FIGS. 18 to 20 are embodiments showing coating examples of powder coke and limestone powder raw materials that are solid fuel powder raw materials when a single drum mixer 17 is used as the drum mixer. In the eighth embodiment shown in FIG. 18, iron ore, SiO ₂ -containing raw material, and limestone powder raw material are granulated with a drum mixer 17, and powder coke that is a solid fuel powder raw material is coated on the discharge side of the drum mixer 17. Is done.

In the ninth embodiment shown in FIG. 19, iron ore, SiO ₂ -containing raw material, and powder coke that is a solid fuel-based powder raw material are granulated by the drum mixer 17, and on the discharge side of the drum mixer 17, the surface of the pseudo particles is limestone-based. The powder raw material is coated.
In the tenth embodiment shown in FIG. 20, iron ore and SiO ₂ -containing raw material are granulated by the drum mixer 17, and powder coke and limestone based solid fuel-based powder raw material are formed on the pseudo particle surface on the discharge side of the drum mixer 17. The powder raw material is coated.
The single drum mixer 17 can be a drum mixer having a drum length of 20 to 25 m, and mixing and granulation can be performed by securing the granulation time of the sintered raw material to 300 to 500 seconds. Can do.
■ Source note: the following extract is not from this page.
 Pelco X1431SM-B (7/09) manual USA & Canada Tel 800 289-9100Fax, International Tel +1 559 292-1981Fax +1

The present inventors investigated the CaO concentration of the sintered raw material granulated by the method shown in FIG. 23 (conventional method) and the sintered raw material granulated by the method of the present invention. The investigation results are shown in FIG.
In FIG. 21, “+8.0 mm”, “+4.75 mm”, “+2.75 mm”, “+1.0 mm”, “+0.5 mm”, and “+0.25 mm” have a particle diameter of 8.0 mm or more. .75 mm or more, 2.75 mm or more, 1.0 mm or more, 0.5 mm or more, 0.25 mm or more sintering raw materials are indicated, and “−0.25 mm” indicates a sintering raw material having a particle diameter of less than 0.25 mm. ing. The CaO concentration was investigated using the apparatus shown in FIG.
When the CaO concentration of the sintered raw material obtained by the conventional method and the CaO concentration of the sintered raw material obtained by the method of the present invention are compared, the particle diameter of the sintered raw material obtained by the method of the present invention is 8.0 mm or more. It was found that the CaO concentration was lower than that of the sintered raw material obtained by the conventional method.
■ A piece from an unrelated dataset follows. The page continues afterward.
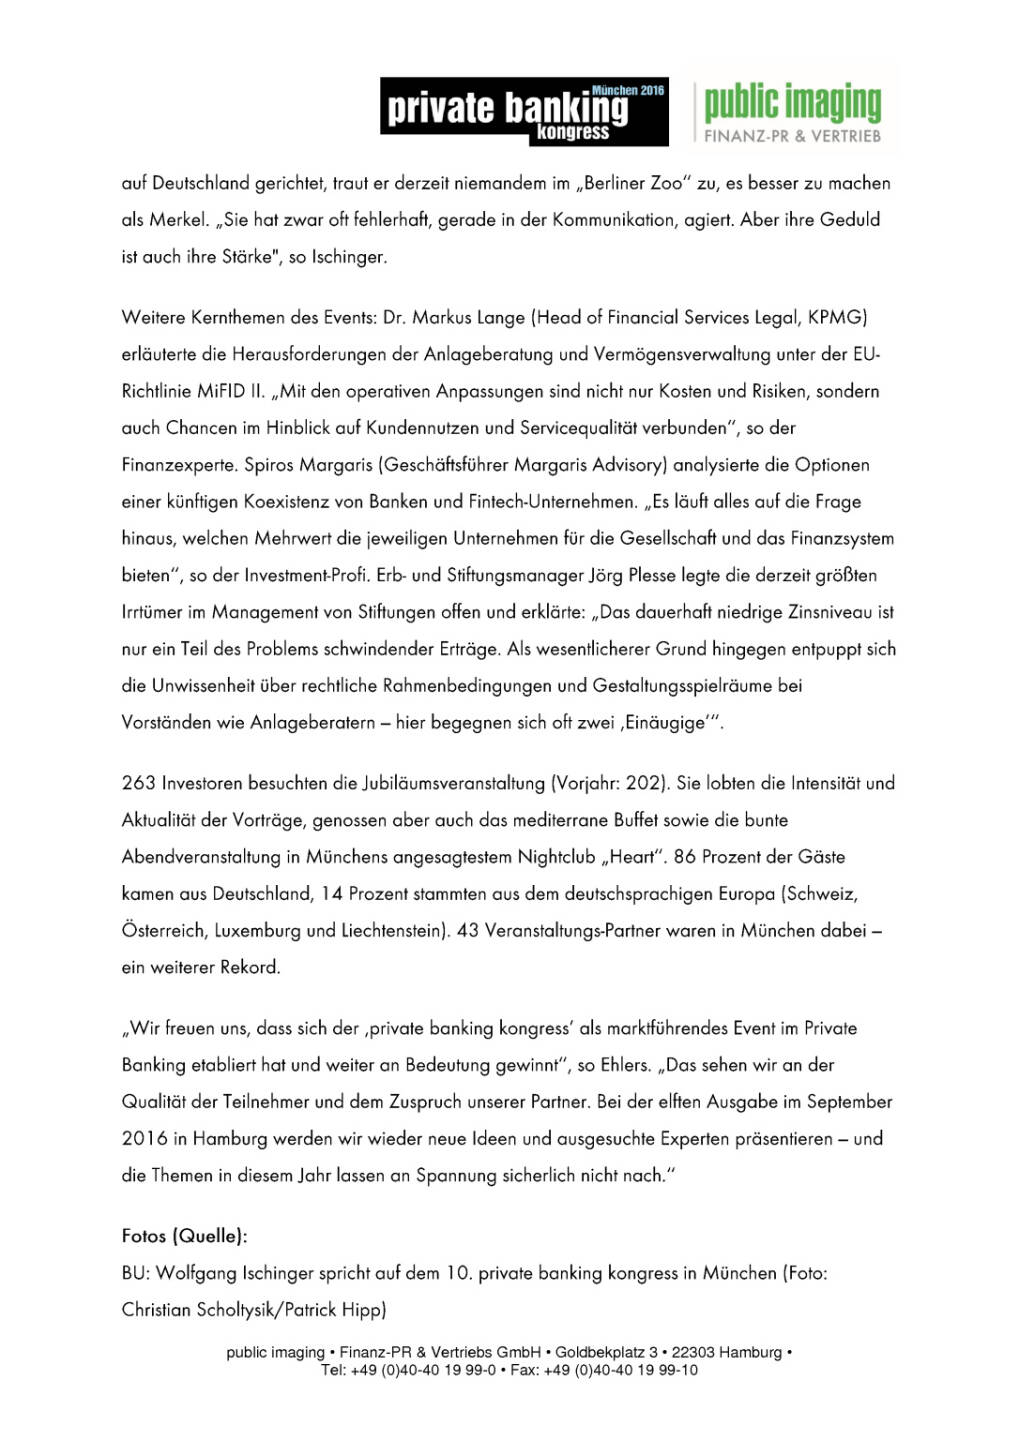 10. private banking kongress in München, Seite 3/4, komplettes Dokument unter http://boerse-social.com/static/uploads/file_979_10_private_banking_kongress_in_munchen.pdf

Further, among the sintered raw materials obtained by the method of the present invention, those having a particle diameter of 2.8 mm or more and those having a particle diameter of 1.0 mm or more are higher in CaO concentration than the sintered raw materials obtained by the conventional method. It has been found. This means that the powder raw material charged in the drum mixer is suppressed from excessively adhering to the surface of the coarse quasi-particles segregated in the drum mixer, and uniform adhesion is realized.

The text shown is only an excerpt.